#### About this exercise
Output, exactly as written, the lines below starting at the line containing "Kate McEnroe New" and ending at the line containing "Picture of AMT". Drop the pictures and keep both end lines.

___ Entries shown

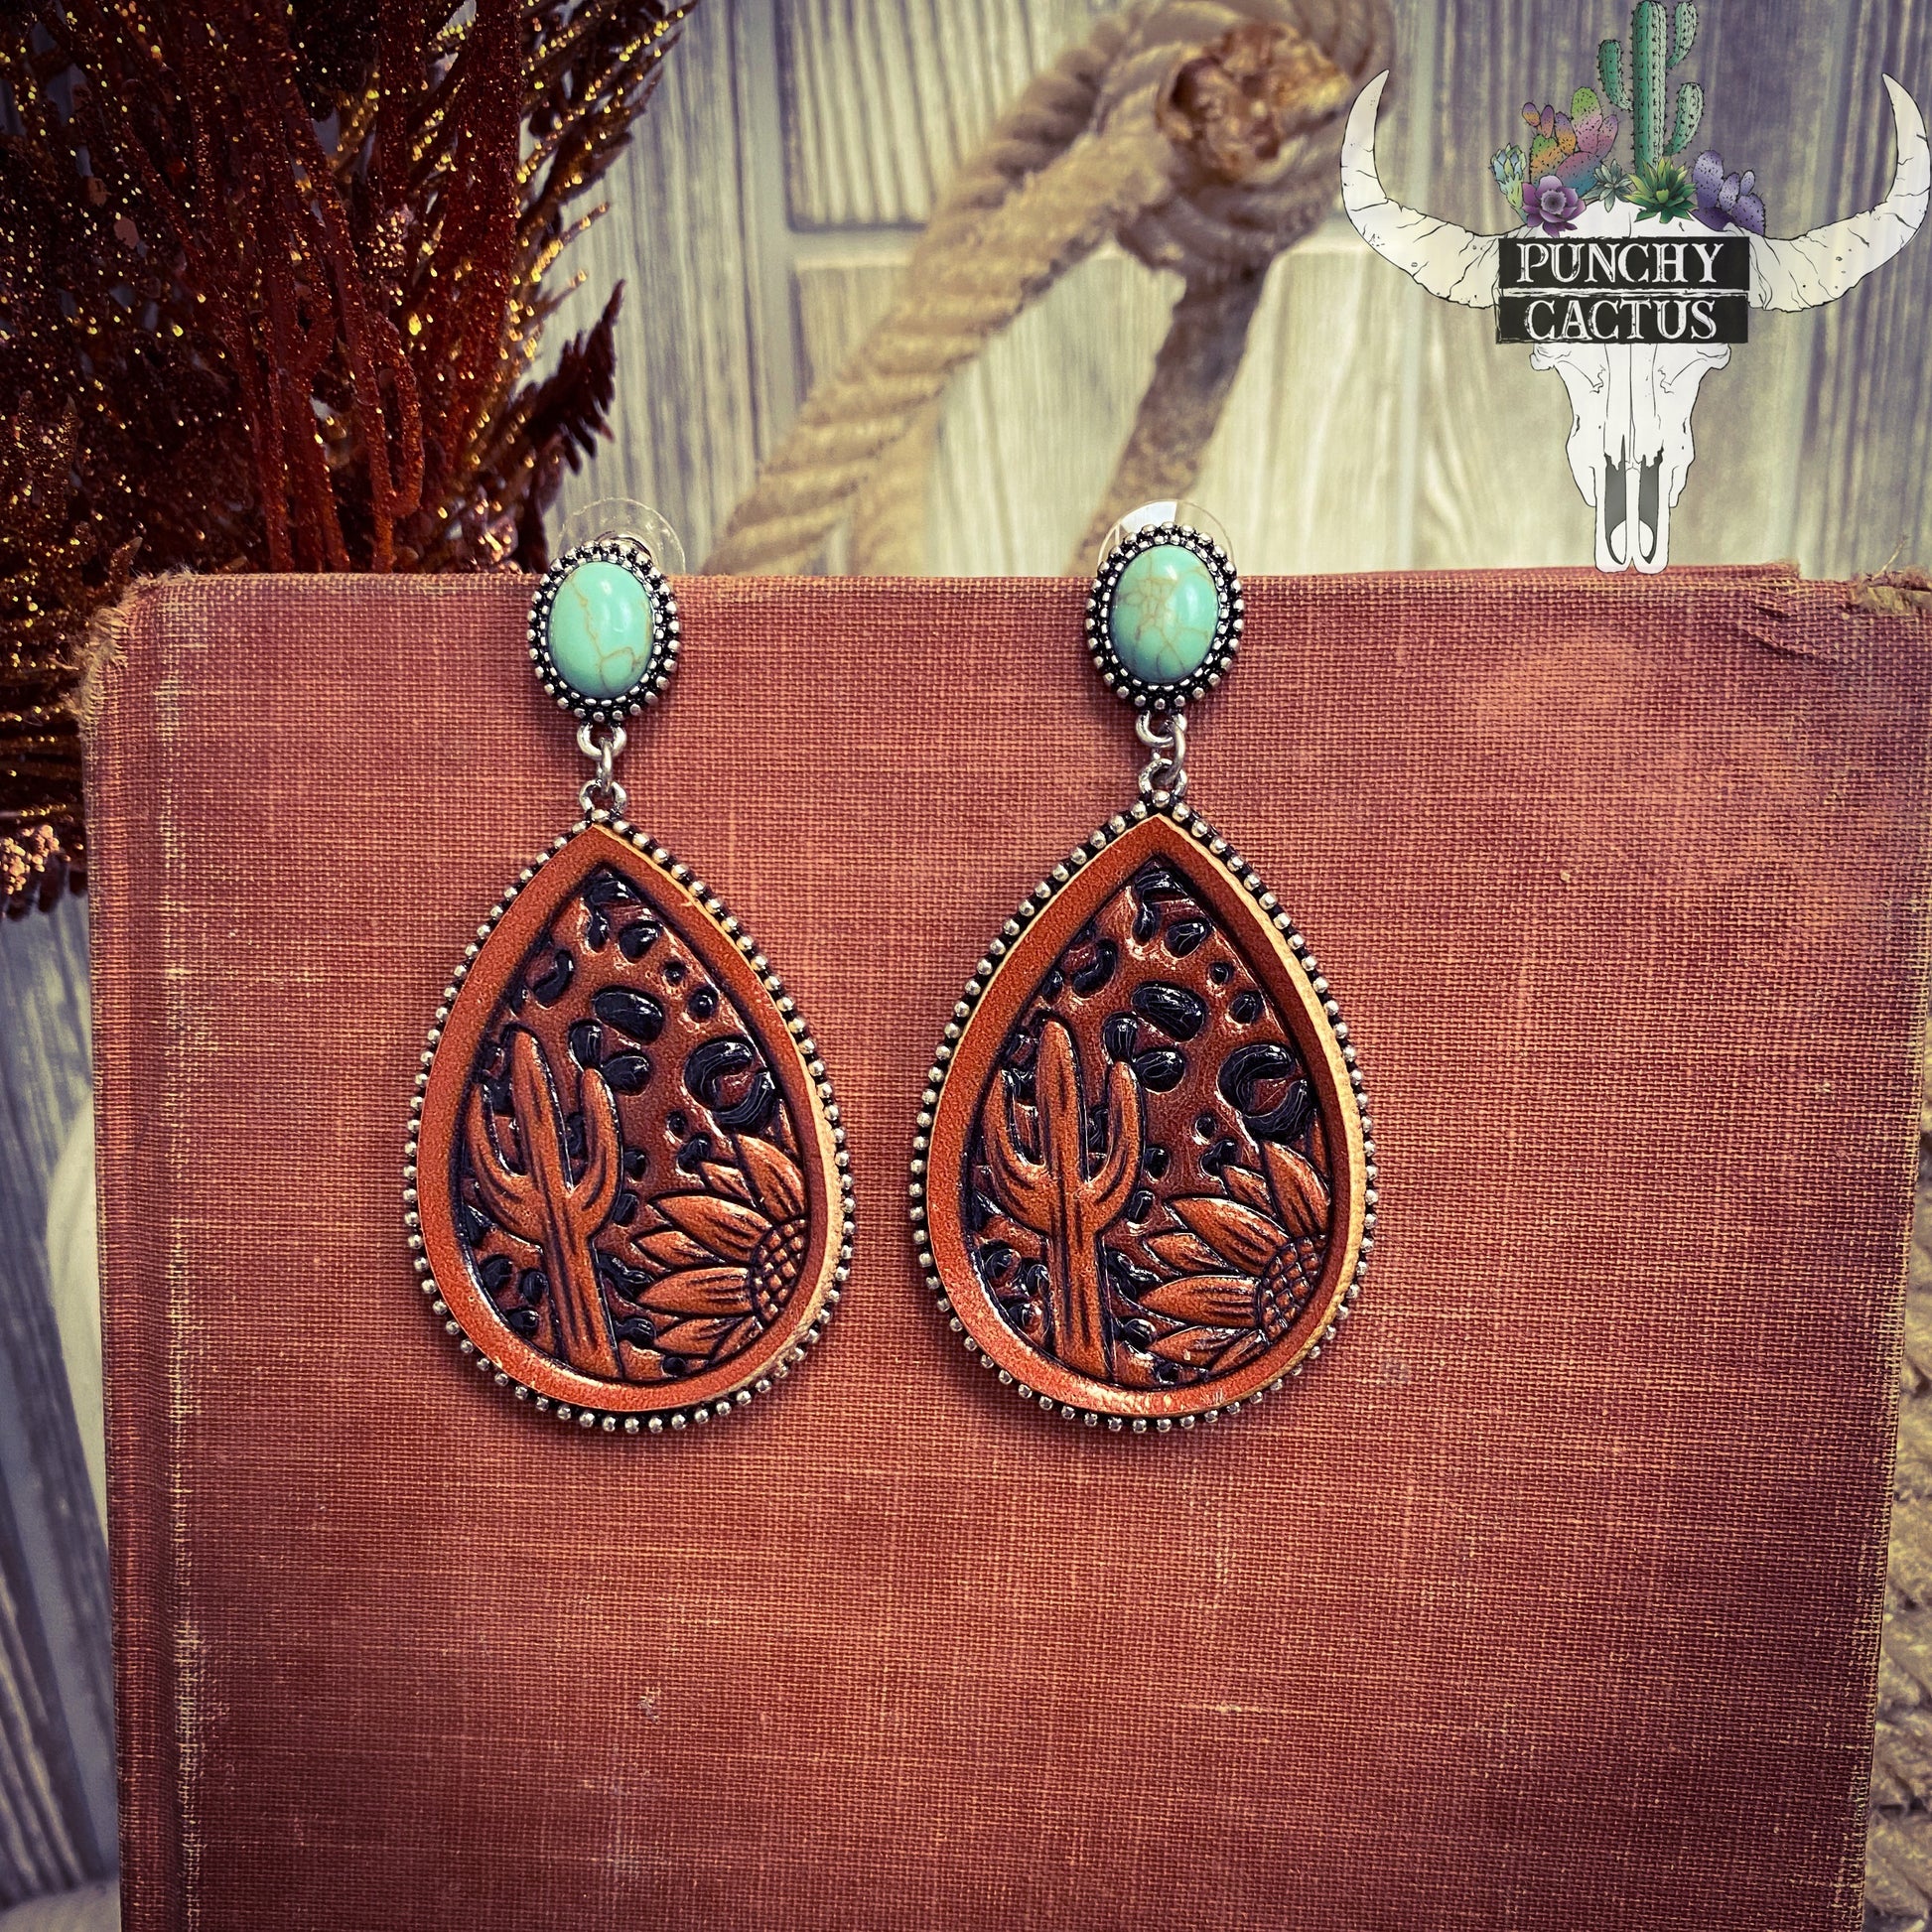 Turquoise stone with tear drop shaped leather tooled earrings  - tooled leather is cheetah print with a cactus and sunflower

______
___ Entries shown

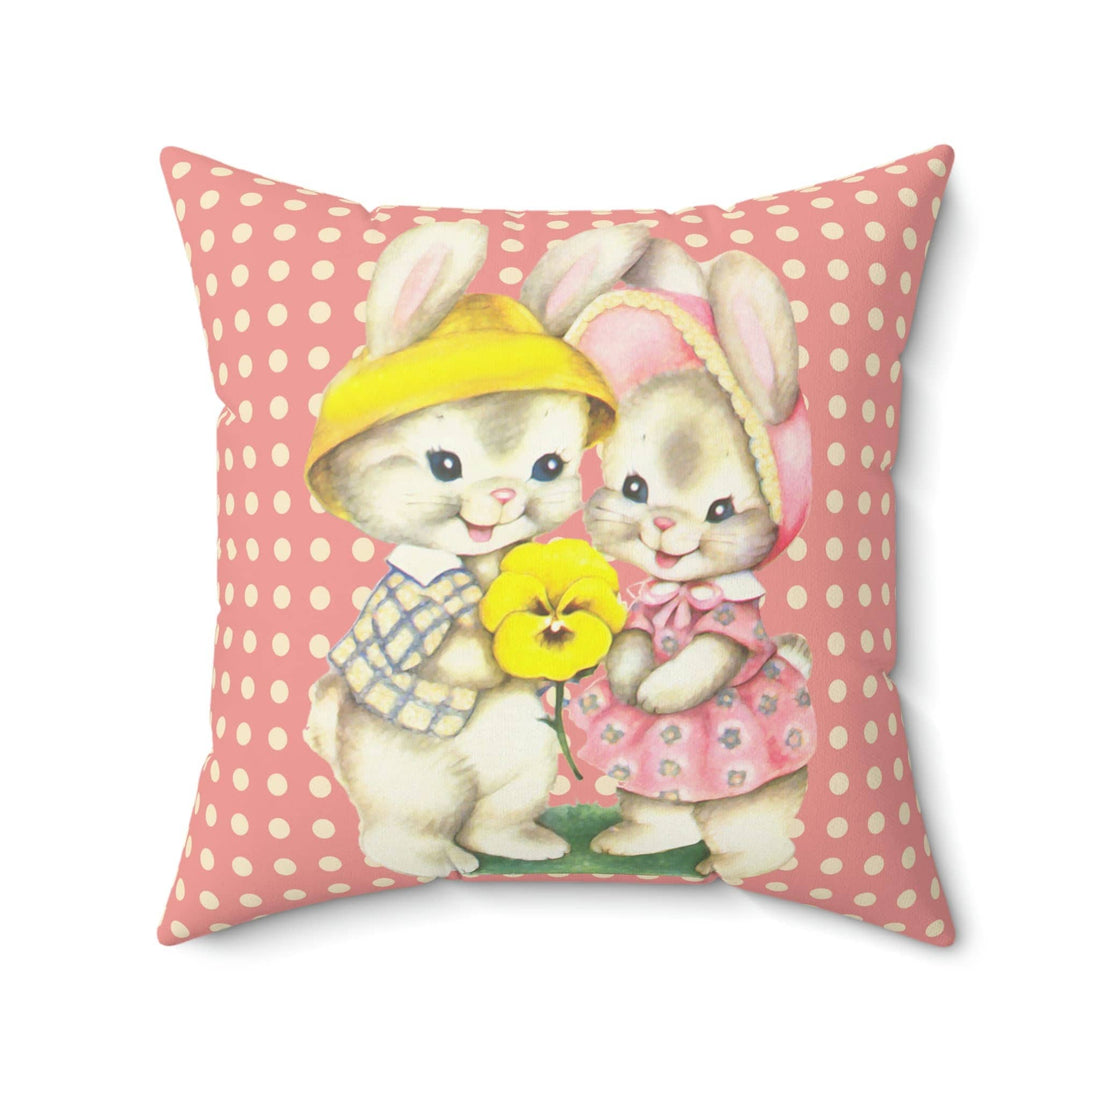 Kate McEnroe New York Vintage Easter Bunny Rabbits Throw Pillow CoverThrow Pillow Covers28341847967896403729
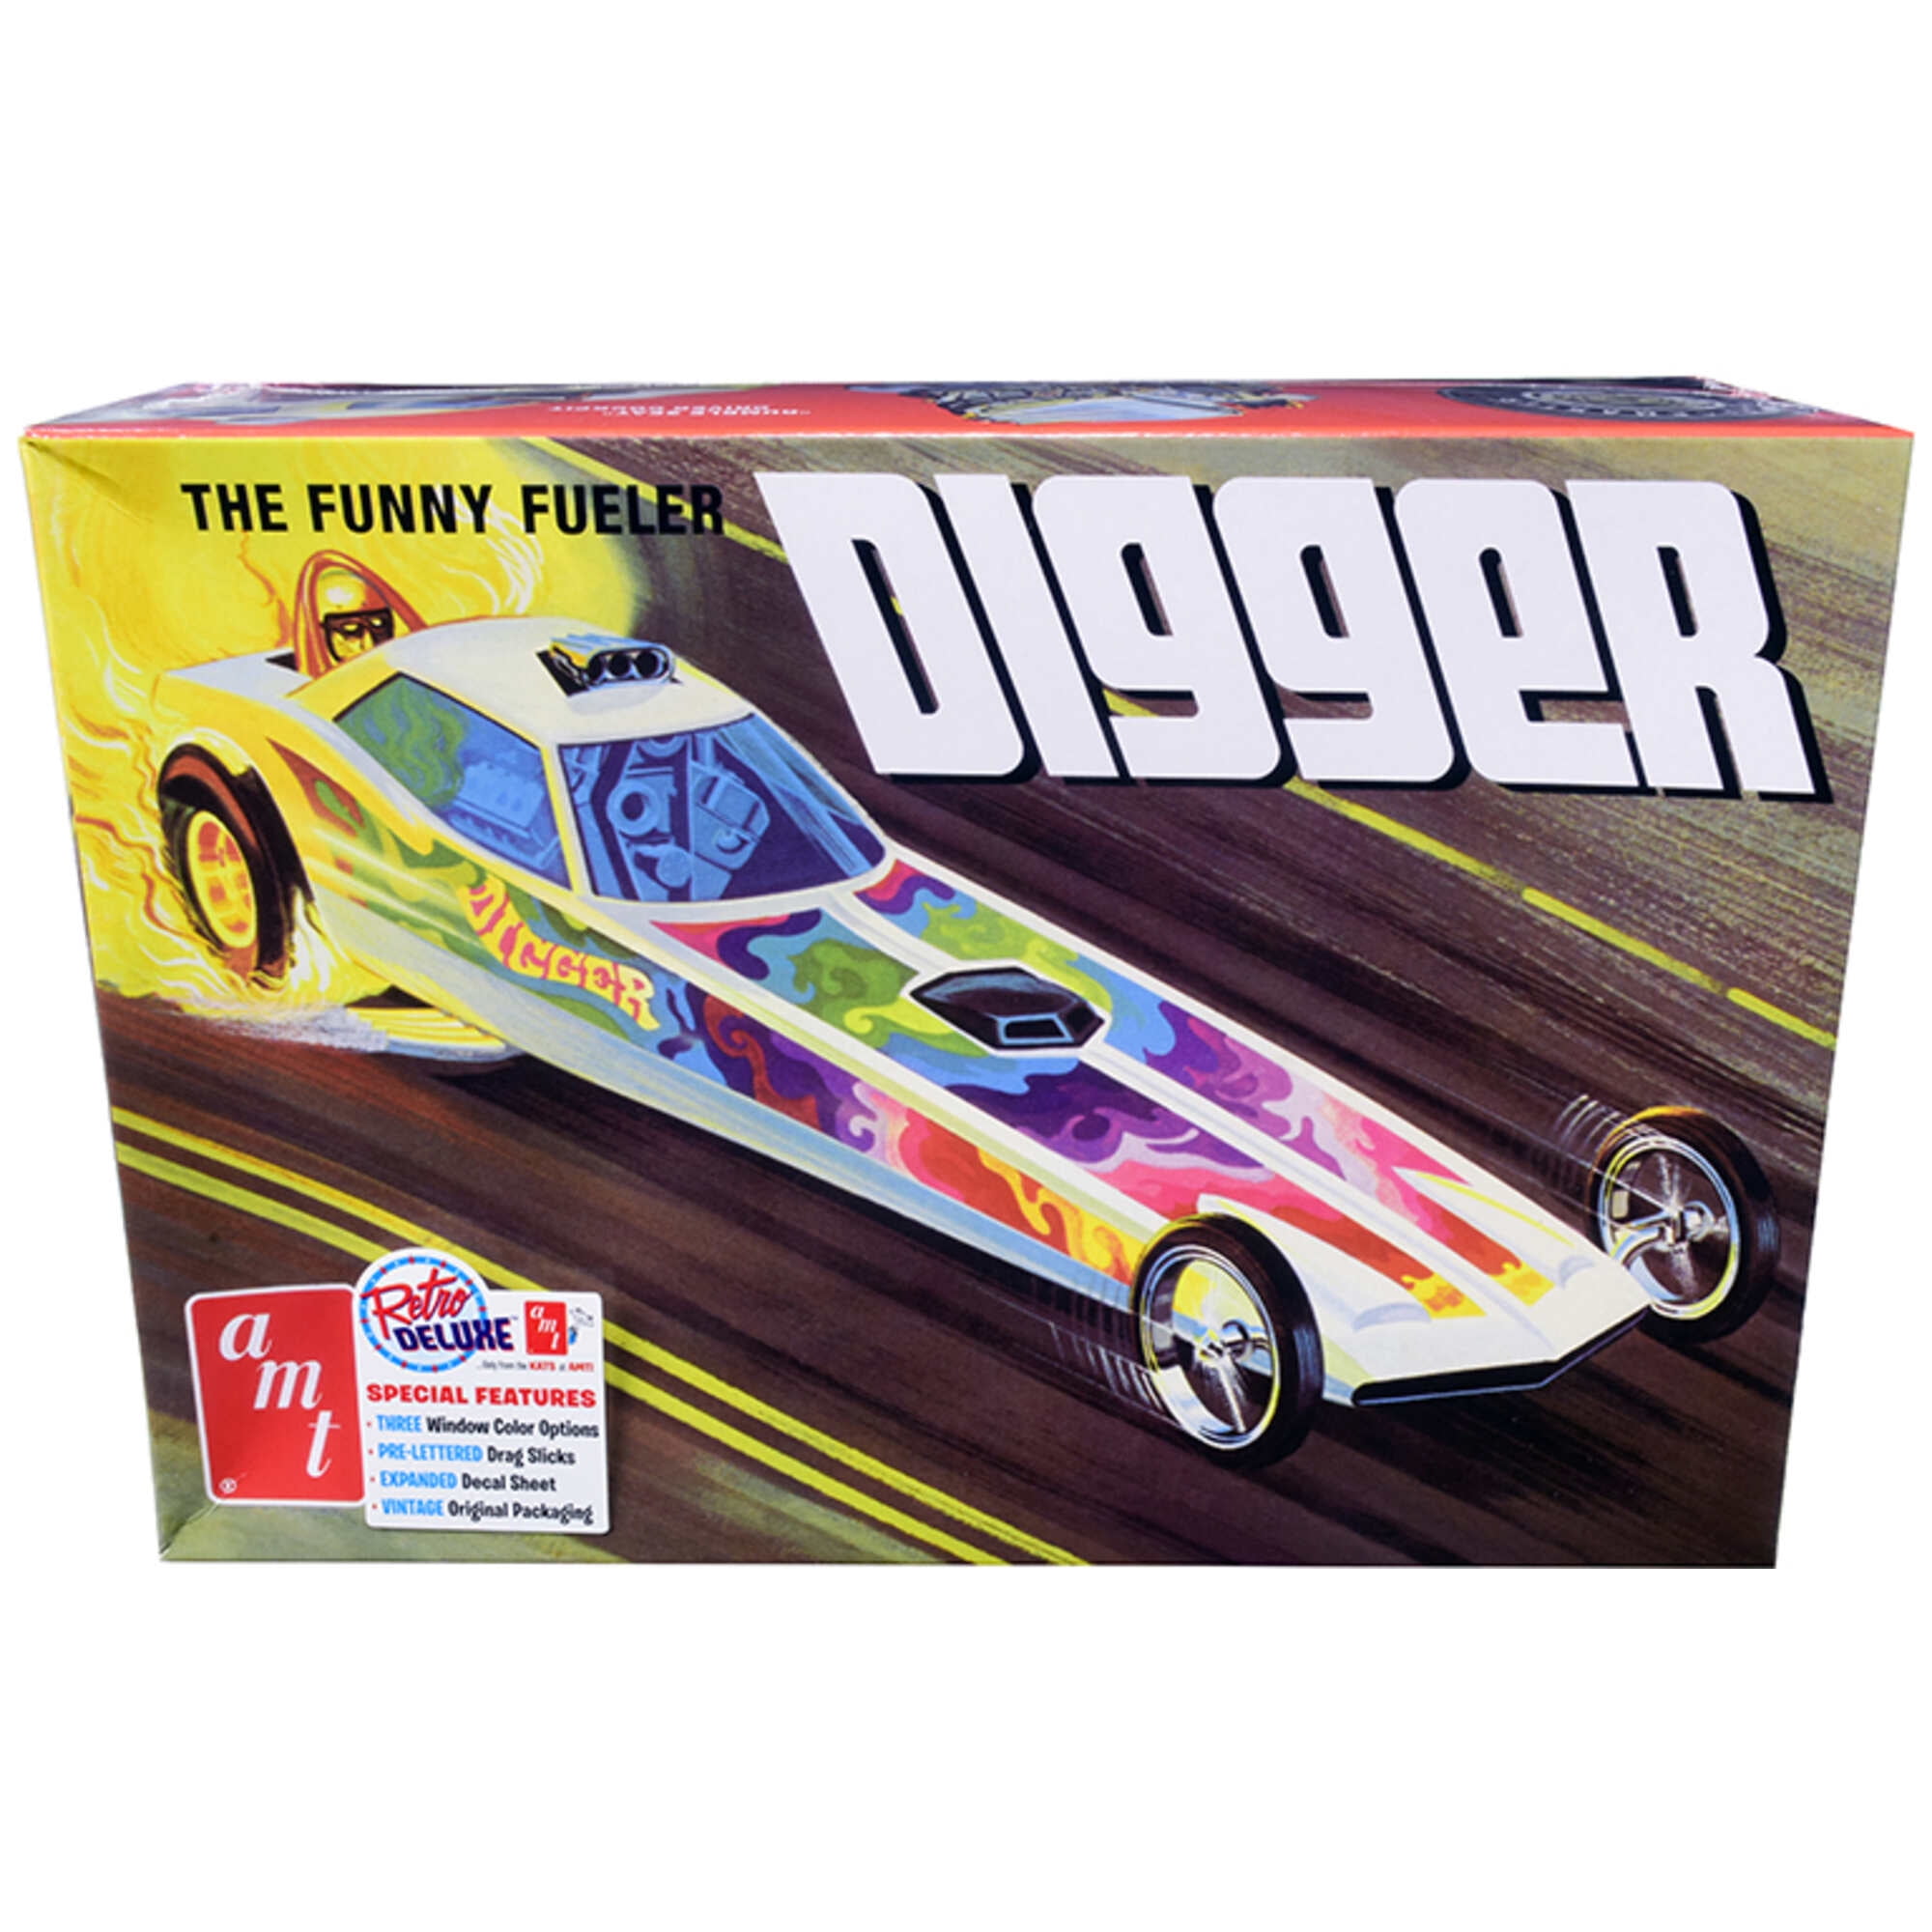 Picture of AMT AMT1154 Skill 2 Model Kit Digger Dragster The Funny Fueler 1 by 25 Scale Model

______

#### Your response
 Kate McEnroe New York Vintage Easter Bunny Rabbits Throw Pillow CoverThrow Pillow Covers28341847967896403729
 Picture of AMT AMT1154 Skill 2 Model Kit Digger Dragster The Funny Fueler 1 by 25 Scale Model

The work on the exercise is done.